Nora gives Bonnie a small smile as she dons her winter wear and heads toward the entrance. She isn't quite sure why, but she stands up a bit from the stool and calls after the departing heretic. "Hey, Nora!"

She turns around, trying and failing to suppress the flicker of excitement that jolts through her. "What is it, Bonnie?"

"Maybe we… maybe we could meet up sometime and try out some of these spells. I also have some cool stuff I found in Europe that I could show you."

"That sounds… lovely. I would be delighted."

"Sounds like a plan."

"Shall I take down your telephone number?"

"Mmmmm, not quite ready for that yet, Ms. Evil Heretic." Bonnie's smiling so she knows it's more lighthearted this time. "Can't be giving out my digits to just anyone. You might just have to chance upon me here again."

Nora smiles back before exaggeratedly scanning the room with her eyes. "Cozy place, this is. I suppose it won't be torture sitting here until closing time every day, waiting patiently for the queen herself to arrive.

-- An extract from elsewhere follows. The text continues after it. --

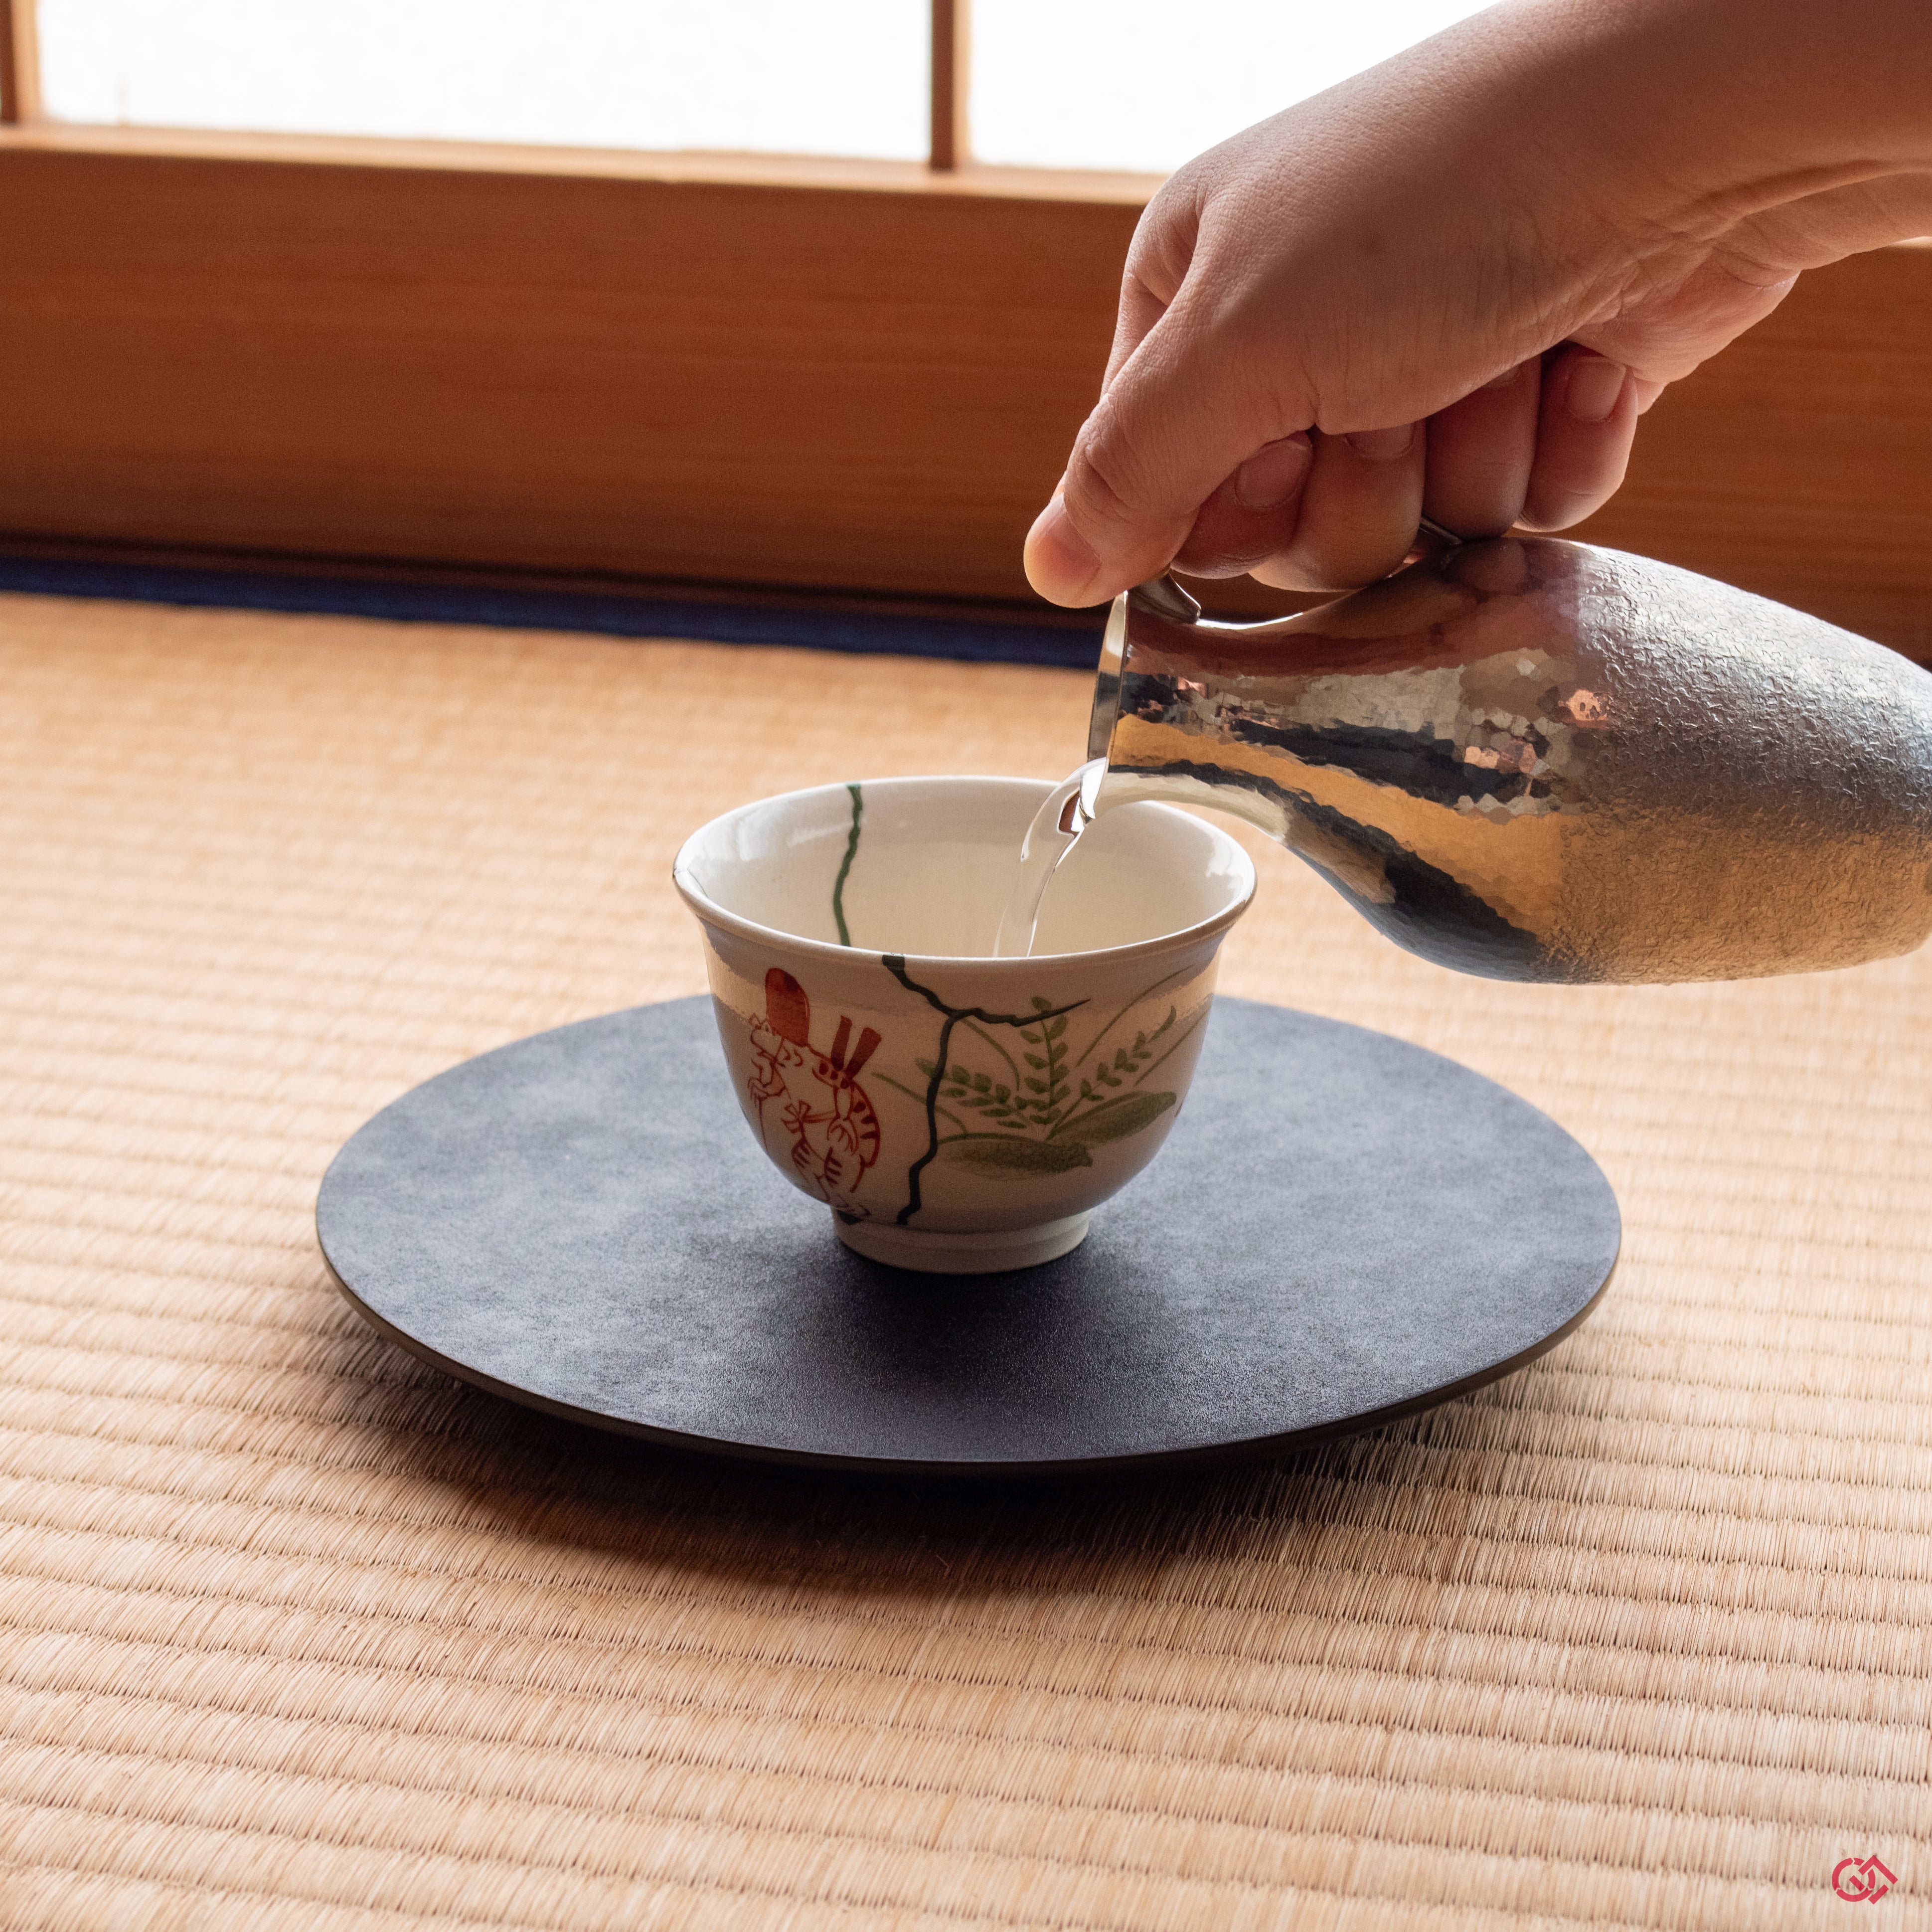 Photo of an authentic Kintsugi pottery piece being used in a real-world setting, such as a cup of sake being poured into a Kintsugi cup.

You might just have to find a new magic partner while I try out spells with…" she looks around again, "um, him!" pointing to a frat boy passed out in an armchair on a pillow of his own over-gelled fade.

"I'm dripping with jealousy," Bonnie half-mouths, half-whispers; Nora's almost out the door now but she knows she can still hear her.

Nora doesn't say anything before she steps out into the bitter Virginia cold, just stares straight at Bonnie and smiles again, except it's a different smile this time, one that surges like electricity through the air toward her, warm and alluring and sexy.

Sexy?

"Ahem."

Bonnie whips around to see Caroline standing right behind her. "Care, hey…"

"I leave you here alone for the duration of exactly one birthing class and you spend it flirting with the evil heretic who kidnapped me?"